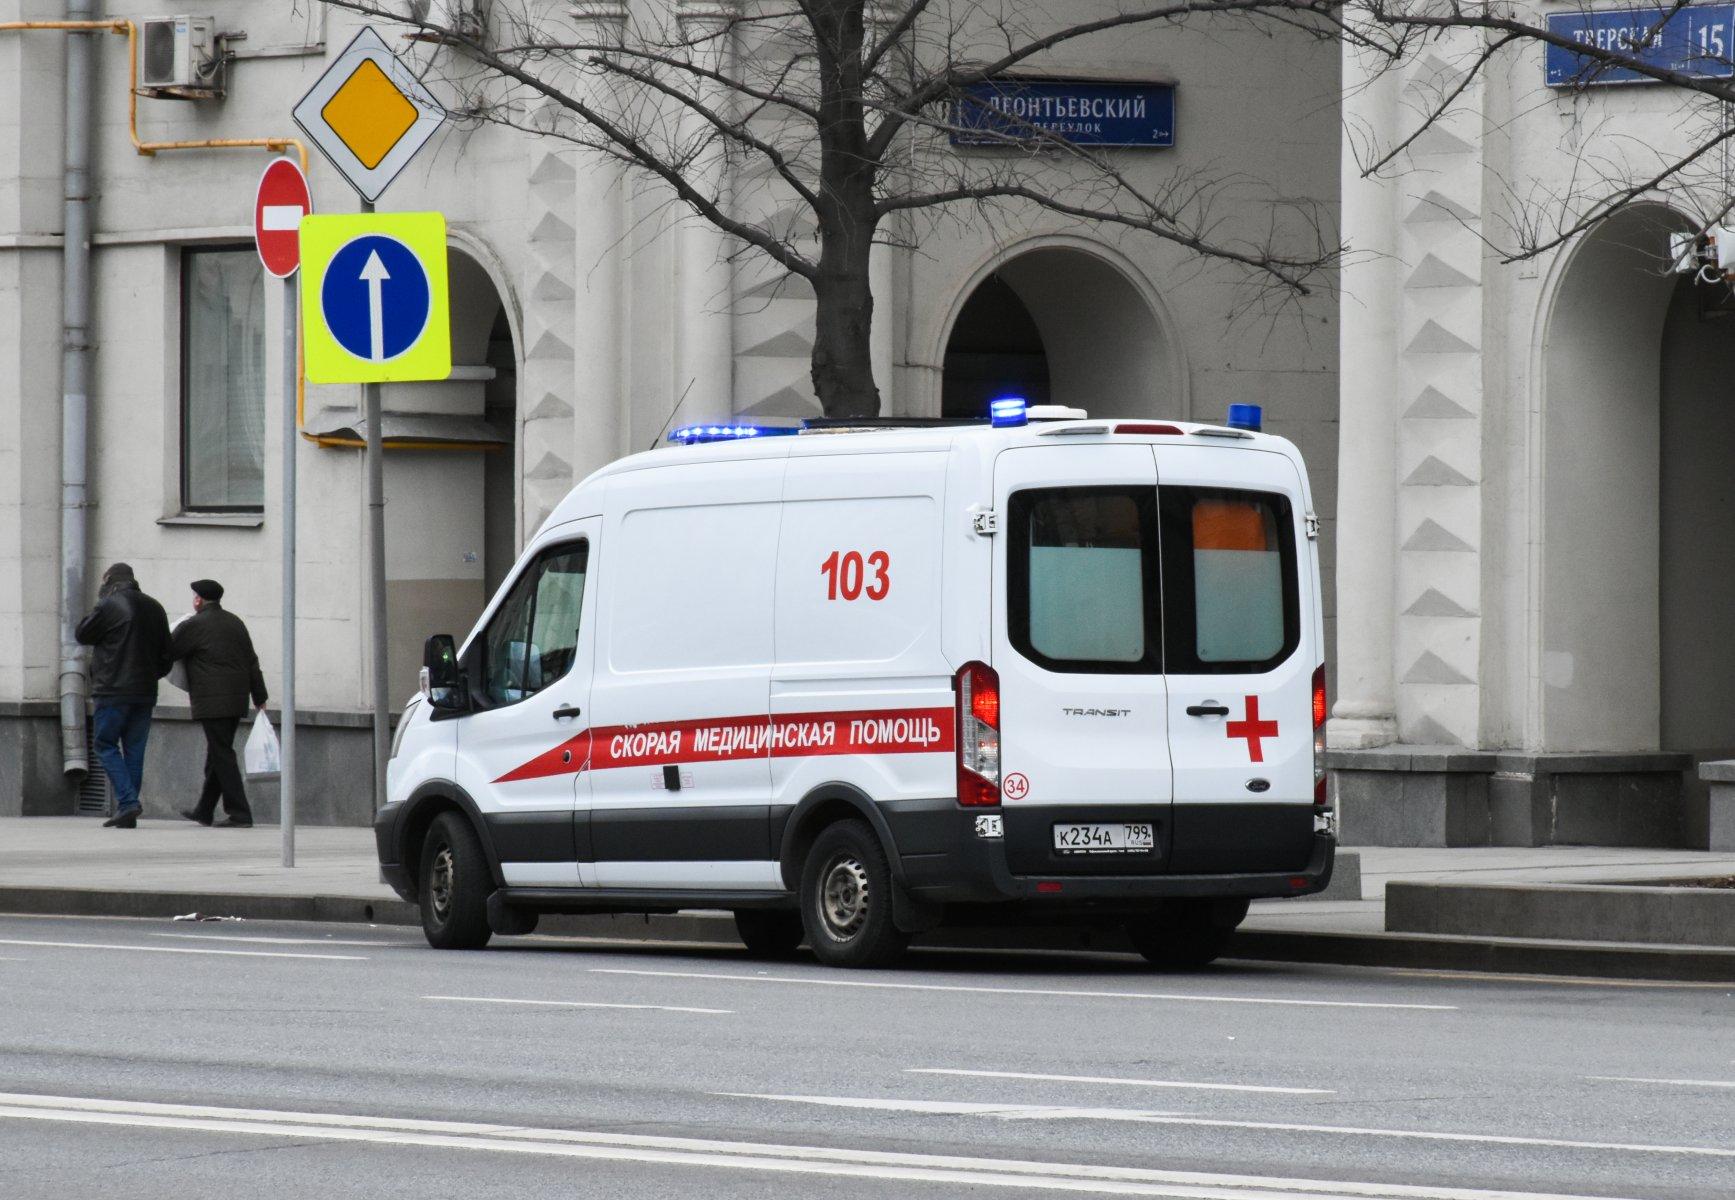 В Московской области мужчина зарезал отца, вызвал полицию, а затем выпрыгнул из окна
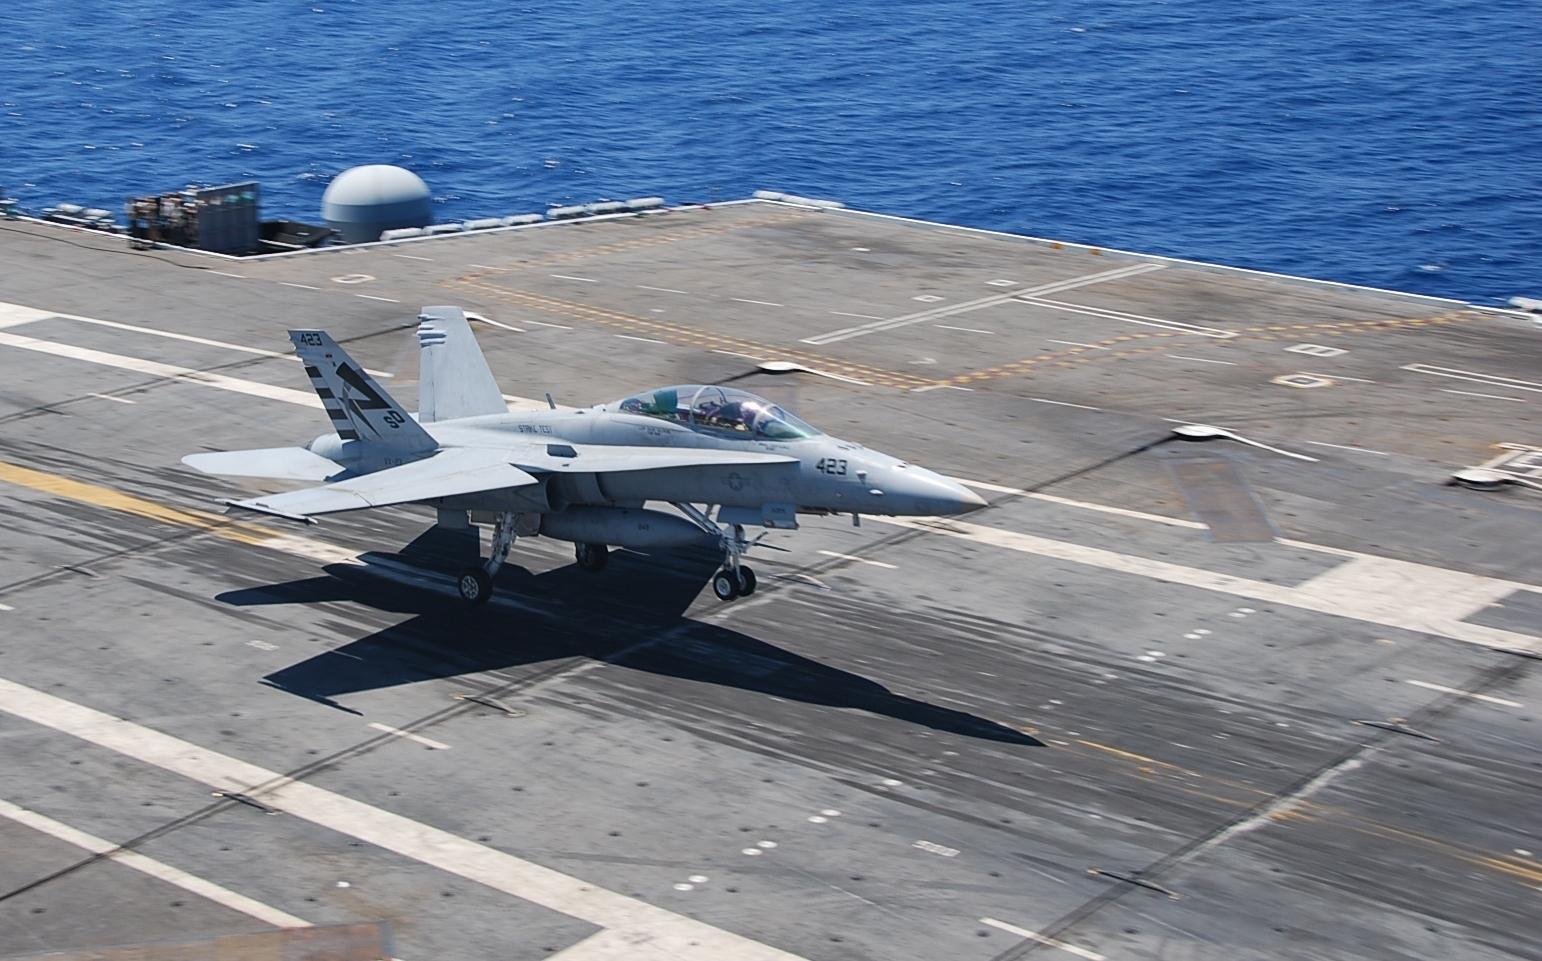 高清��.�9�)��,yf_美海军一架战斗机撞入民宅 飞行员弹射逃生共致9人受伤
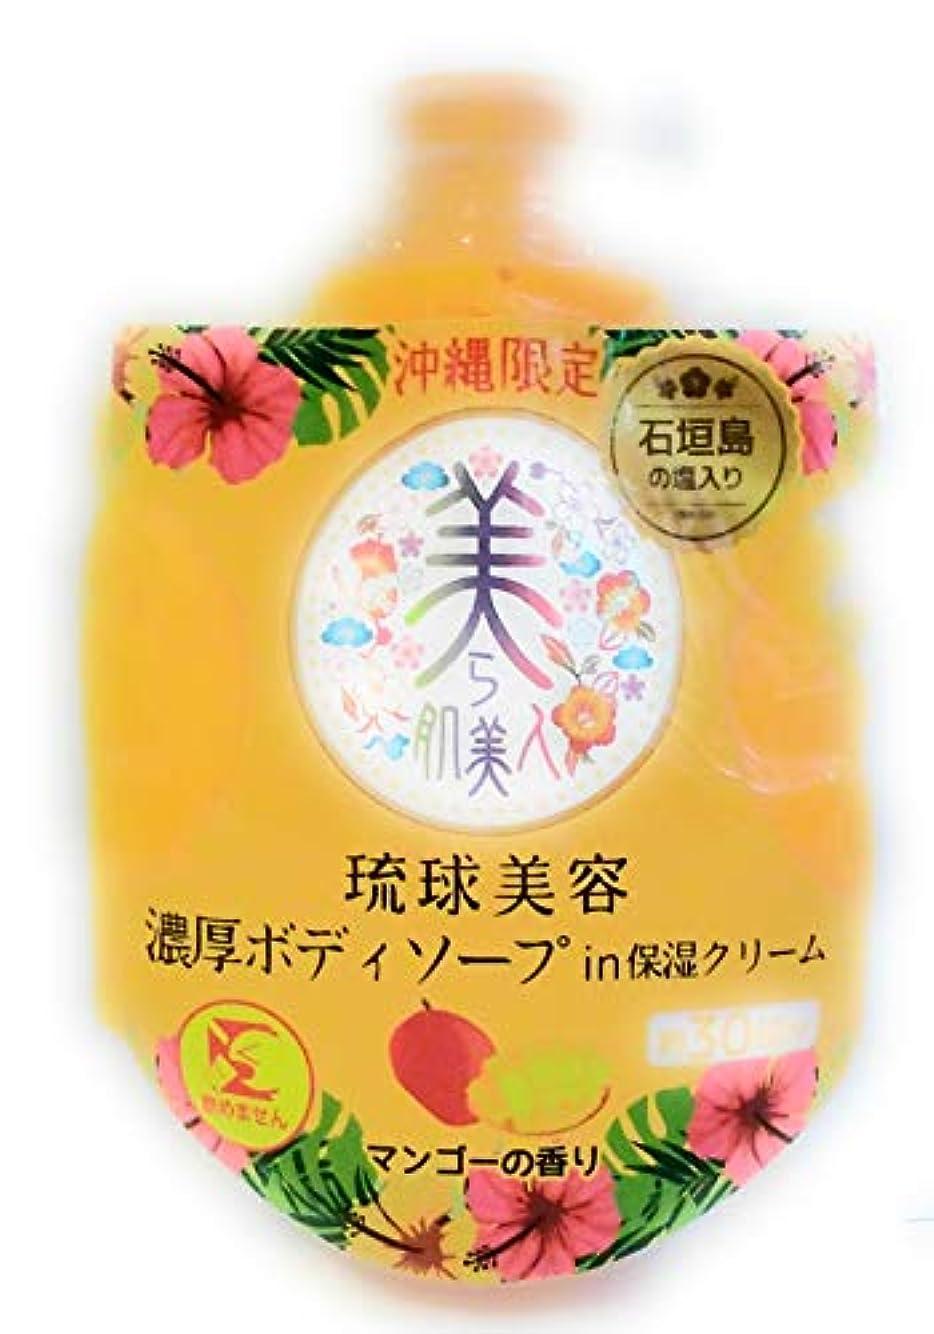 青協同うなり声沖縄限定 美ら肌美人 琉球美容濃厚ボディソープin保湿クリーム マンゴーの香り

━━━━━━━━━━━━━━━━━━━━

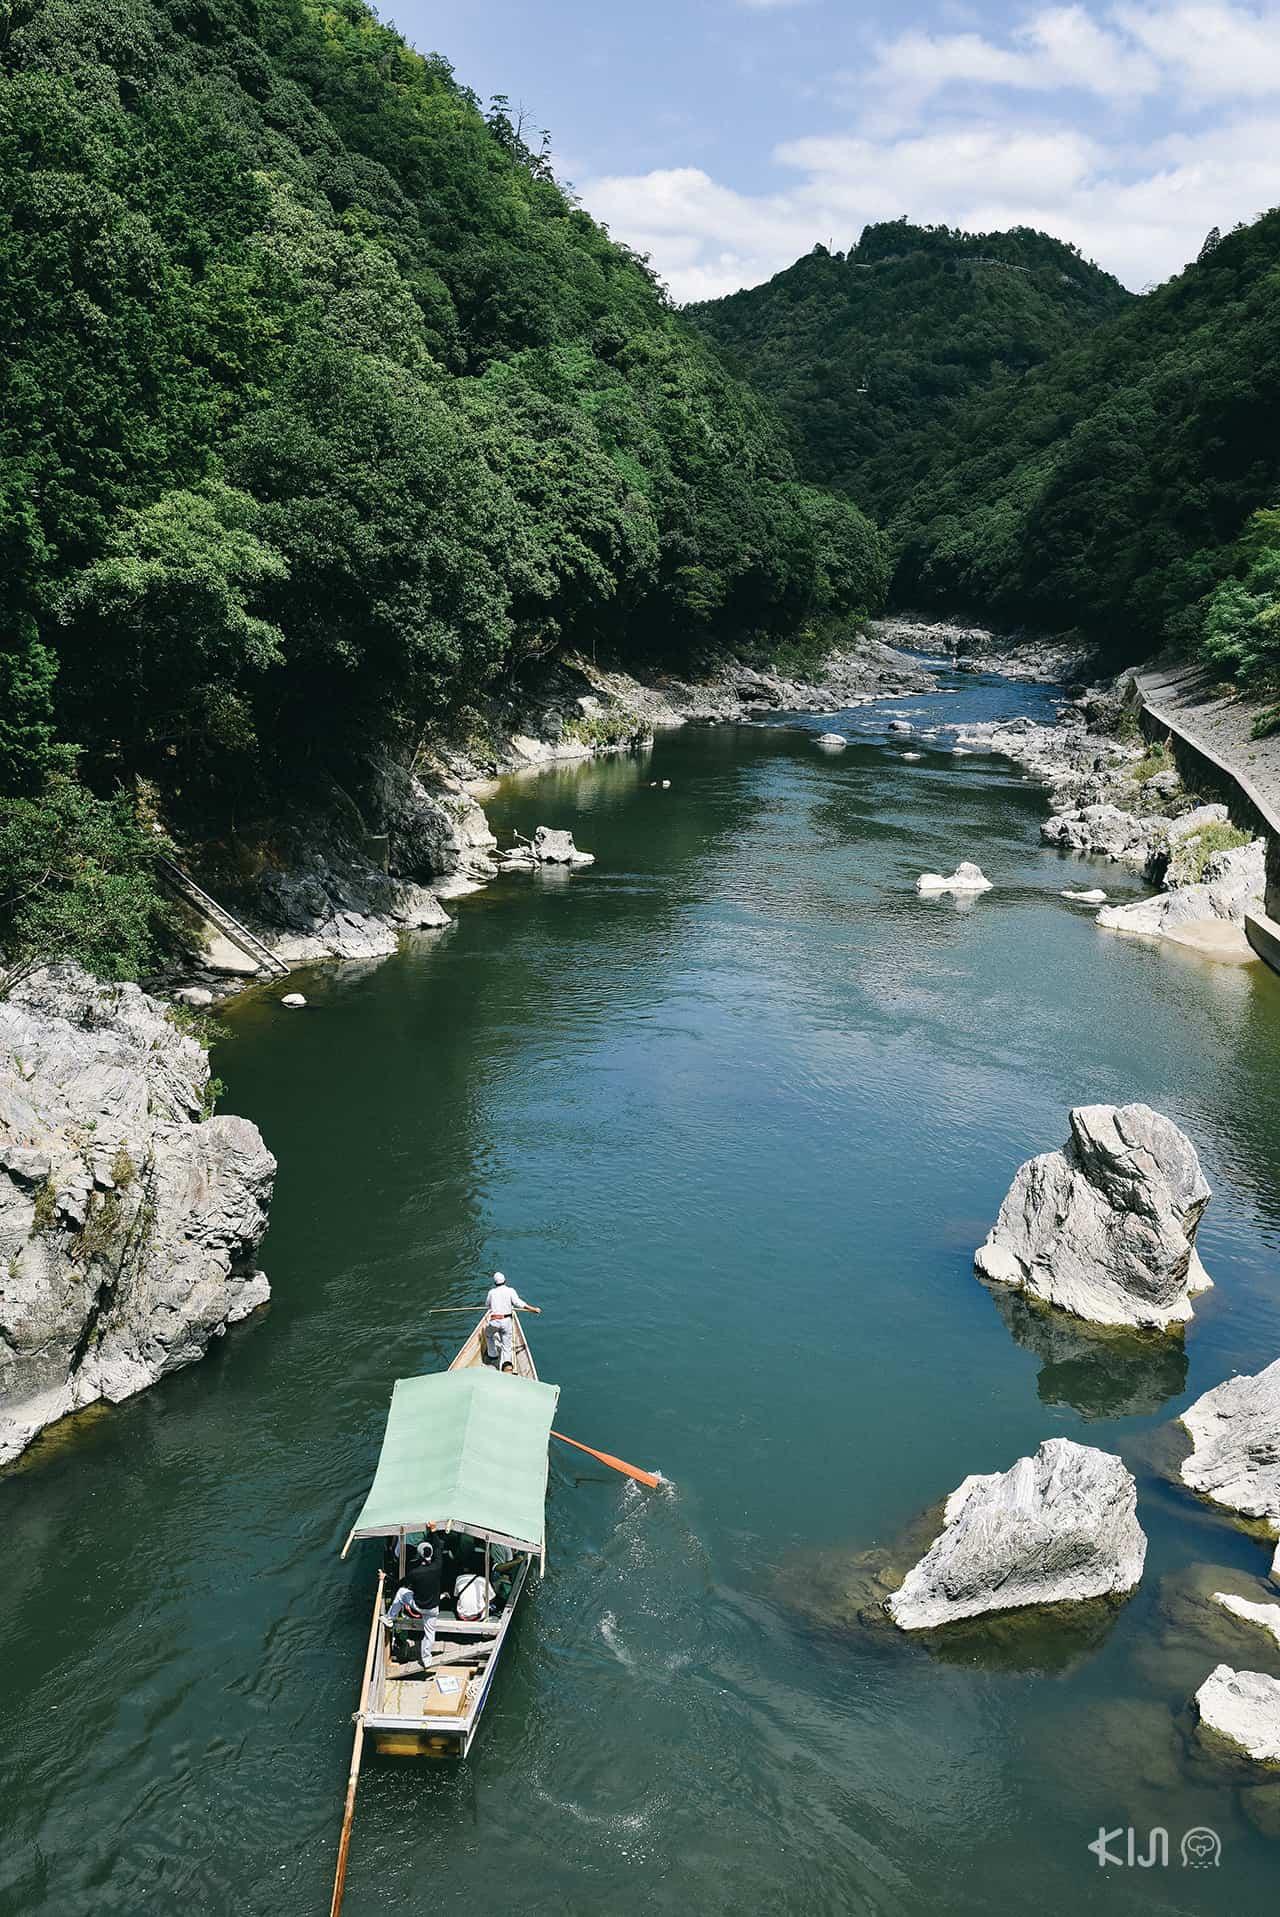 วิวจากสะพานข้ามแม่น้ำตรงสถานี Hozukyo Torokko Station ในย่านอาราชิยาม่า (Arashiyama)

━━━━━━━━━━━━━━━━━━━━

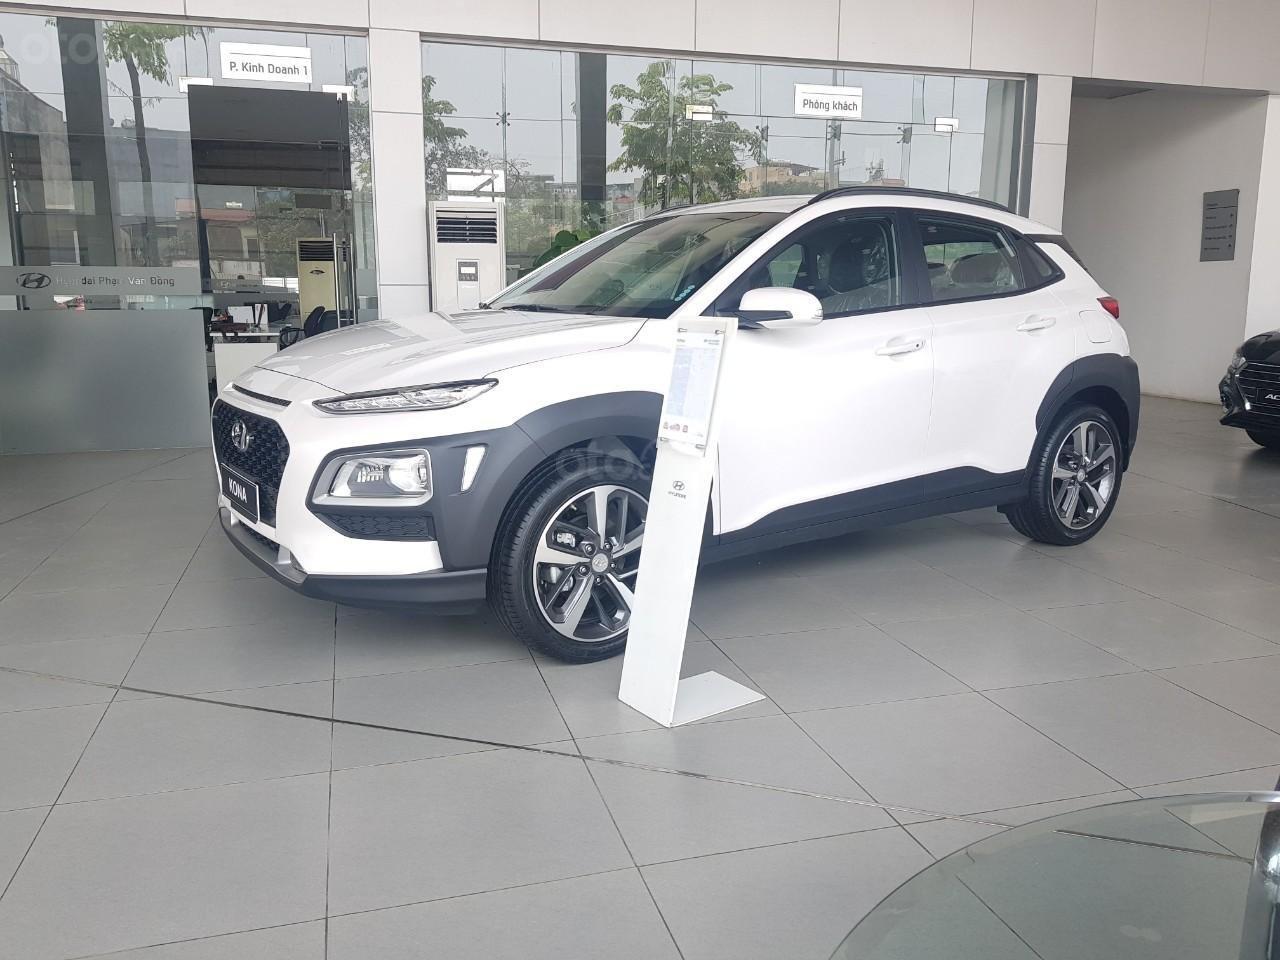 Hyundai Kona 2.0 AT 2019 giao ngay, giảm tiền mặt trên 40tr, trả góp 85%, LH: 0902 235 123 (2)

━━━━━━━━━━━━━━━━━━━━

When you reach the line with "高清��.�9�)��,yf" in the records above, begin repeating the lines exactly, and stop after the line with "青協同うなり声沖縄限定 美ら肌美人 琉球美容濃厚ボディソープin保湿クリーム". Skip all pictures.

### Solution to this problem
 高清��.�9�)��,yf_美海军一架战斗机撞入民宅 飞行员弹射逃生共致9人受伤
 青協同うなり声沖縄限定 美ら肌美人 琉球美容濃厚ボディソープin保湿クリーム マンゴーの香り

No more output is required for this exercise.